Jean-Thomas Taschereau (/fr/; November 26, 1778 - June 14, 1832) was a son of Gabriel-Elzéar Taschereau and Marie-Louise-Élizabeth Bazin. He was a seigneur, lawyer, judge and politician.

He studied at the Petit Séminaire of Quebec and began his legal training as an assistant to his father in 1799 and studied law with Jonathan Sewell. He became a lawyer in 1801. He successfully ran for elected office a number of times, to the Legislative Assembly of Lower Canada. He spent a short time in prison in 1810 on the order of the governor, James Henry Craig. More political success followed and in 1821 he was appointed as a judge in Sainte-Marie.
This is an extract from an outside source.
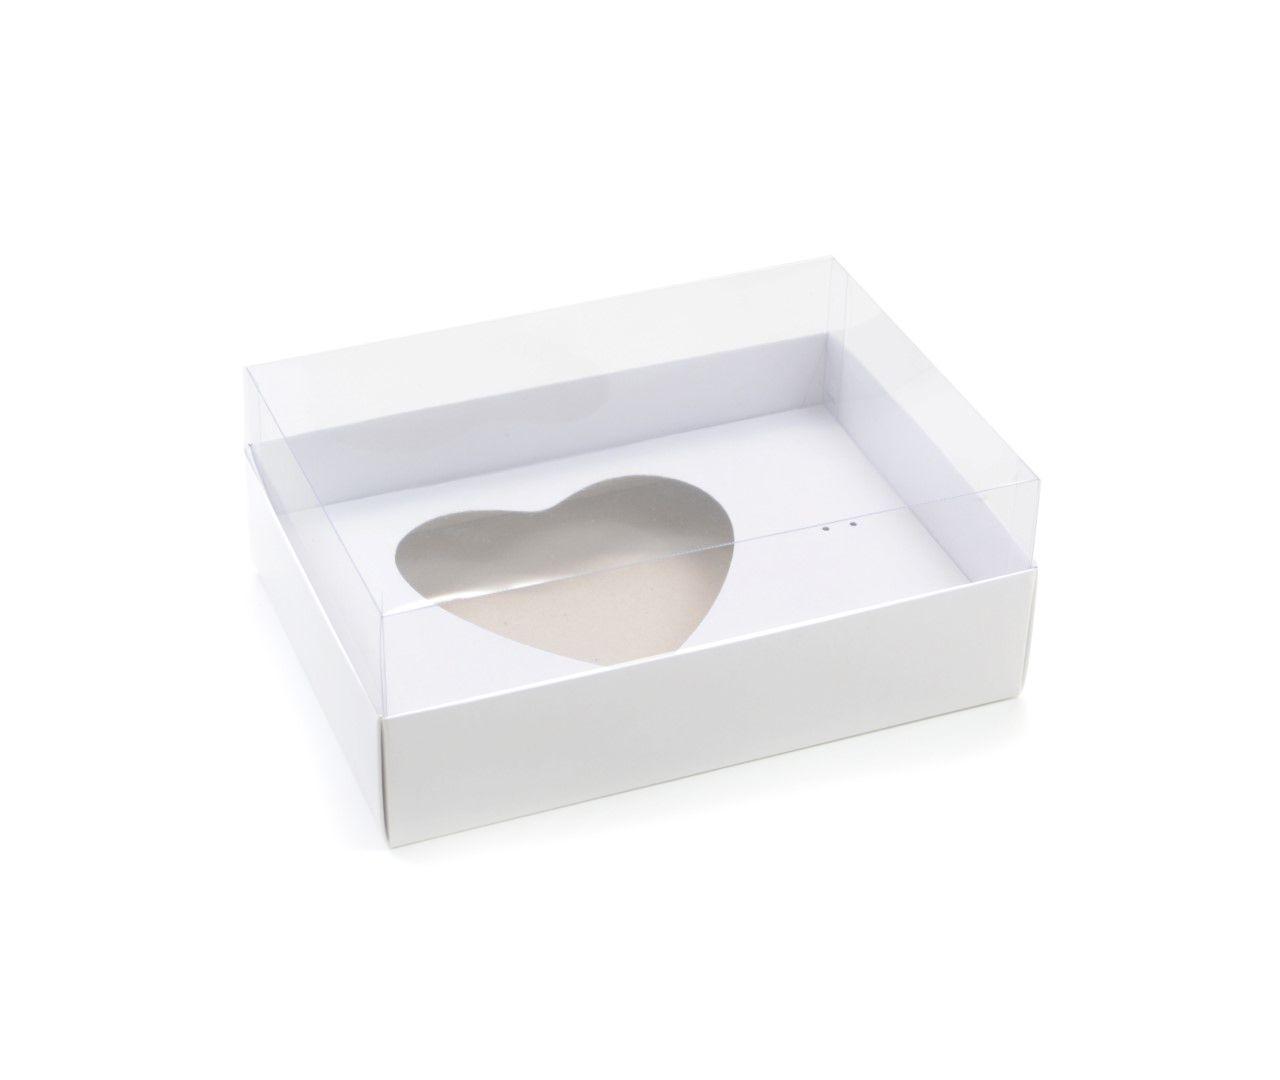 Ref 016 Branca - Caixa Coração 500gr. c/ tampa ALTA - 25x18x11 cm - c/ 10 unidades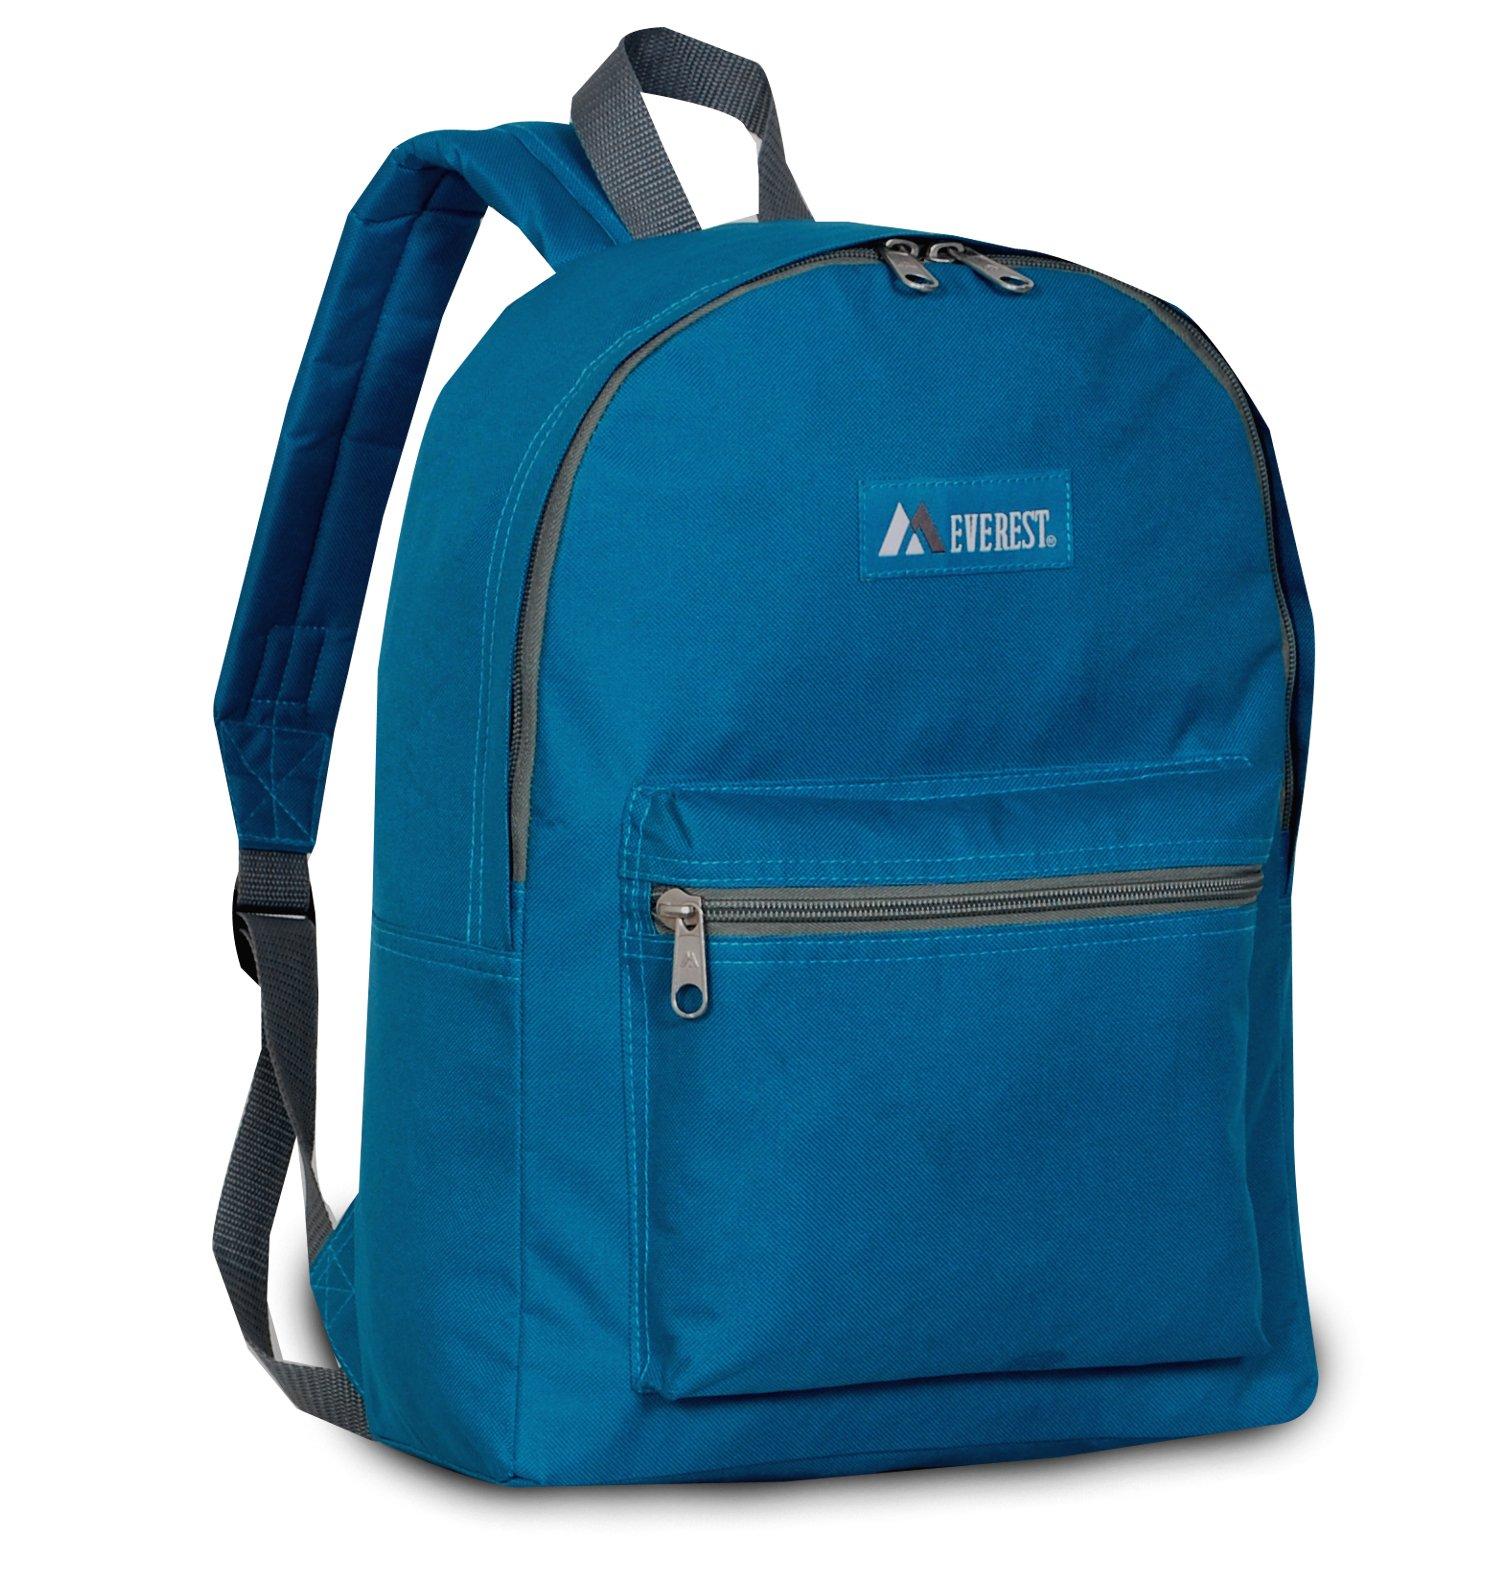 Everest Basic Backpack, Dark Teal, One Size

He held increasingly important judicial positions including the Court of Kings Bench for the district of Quebec until his death.

He married Marie Panet May 19, 1806, and had at least two sons, Jean-Thomas Taschereau and Elzéar-Alexandre Taschereau, the first Canadian cardinal. He was the grandfather of Louis-Alexandre Taschereau and Edward Routh, and the great-grandfather of Robert Taschereau. He and his brother Thomas-Pierre-Joseph Taschereau were involved with the development of the paternal seigniory of Sainte-Marie-de-la-Nouvelle-Beauce (now Sainte-Marie).